The Future of Everything

July 17, 2012

Stop sign

Filed under: Physics — Tags: — David @ 12:26 pm

Now that the Higgs boson has (apparently) been discovered at the Large Hadron Collider, physicists are turning their attention to the next big thing. Theorists have long predicted that the LHC would produce supersymmetric particles, but these have so far failed to make an appearance. There was some hope that data would show signs of the stop particle (the supersymmetric partner of the top quark) but that too appears to be fading.
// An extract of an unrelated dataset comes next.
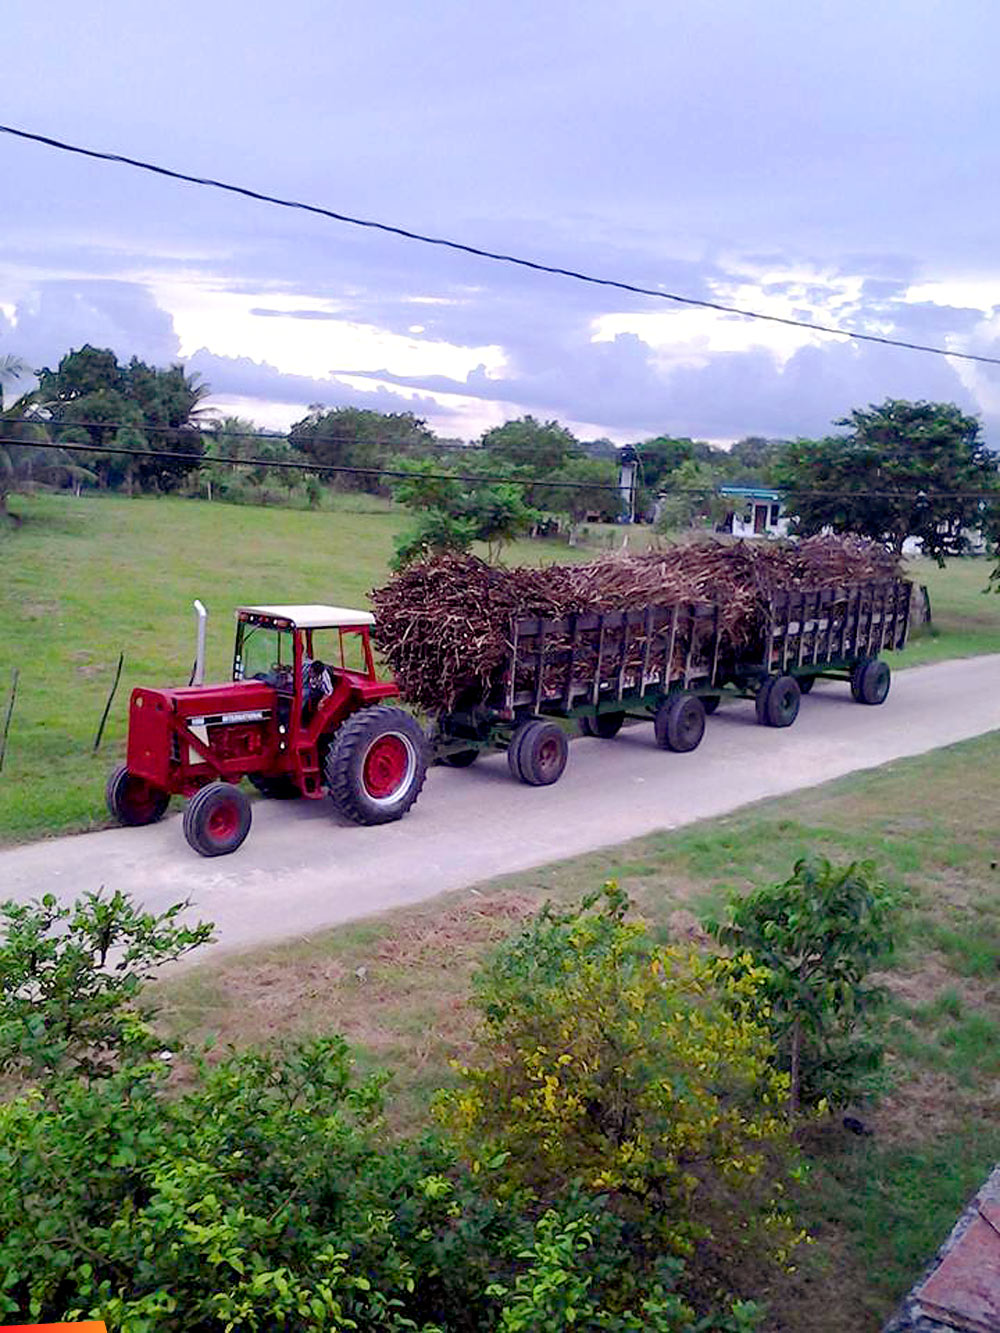 Sugar cane just harvested, pulled with tractor

Yesterday Michael Peskin gave a talk in which he argued that the LHC evidence did not imply that supersymmetry was dead – only that we needed a bigger accelerator, such as the International Linear Collider. His argument was in part based on the “sociological evidence” that “1. No theorist who believed in SUSY before 2009 has renounced SUSY in the light of the LHC exclusions,” and “2. Model builders are still building models with 200 GeV charginos.”

As someone who is interested in the sociology of scientific prediction, I would argue that the fact that theorists do not renounce their beliefs due to lack of experimental confirmation, or refrain from building models, is not exactly convincing proof that a theory is right.

A safer prediction is that supersymmetry will remain attractive for a long time yet – in large part because of its aesthetic qualities – and will continue to be used as an argument for larger accelerators. The lack of a stop at current energies is just a green light.

July 4, 2012

New boson!

Filed under: Physics — David @ 9:42 am

Biggest day in physics for the last half century or so, as new results from the CMS and ATLAS experiments at the Large Hadron Collider confirm the discovery of a new boson, consistent (so far) with the expected properties of the Higgs boson.

According to CMS spokesperson Joe Incandela, “What we are observing is very likely a new particle with very large mass that would have to be a boson. This is potentially an historic and very profound step forward in our understanding of the underlying structure of our universe.”

Andy Lankford, deputy spokesperson of ATLAS: “If the new particle is determined to be the Higgs, attention will turn to a new set of important questions. Is this a Standard Model Higgs, or is it a variant that indicates new physics and other new particles?”

The Higgs field, for which this boson may be the associated particle, is believed to be responsible for giving other particles their mass. Of course, this leaves open the question of why different particles interact with the Higgs field in different ways. Why are muons relatively hefty, electrons light, and photons massless? One of the next goals for physicists will be to figure this out (unless of course it is just that some particles interact more strongly because they are heavy …).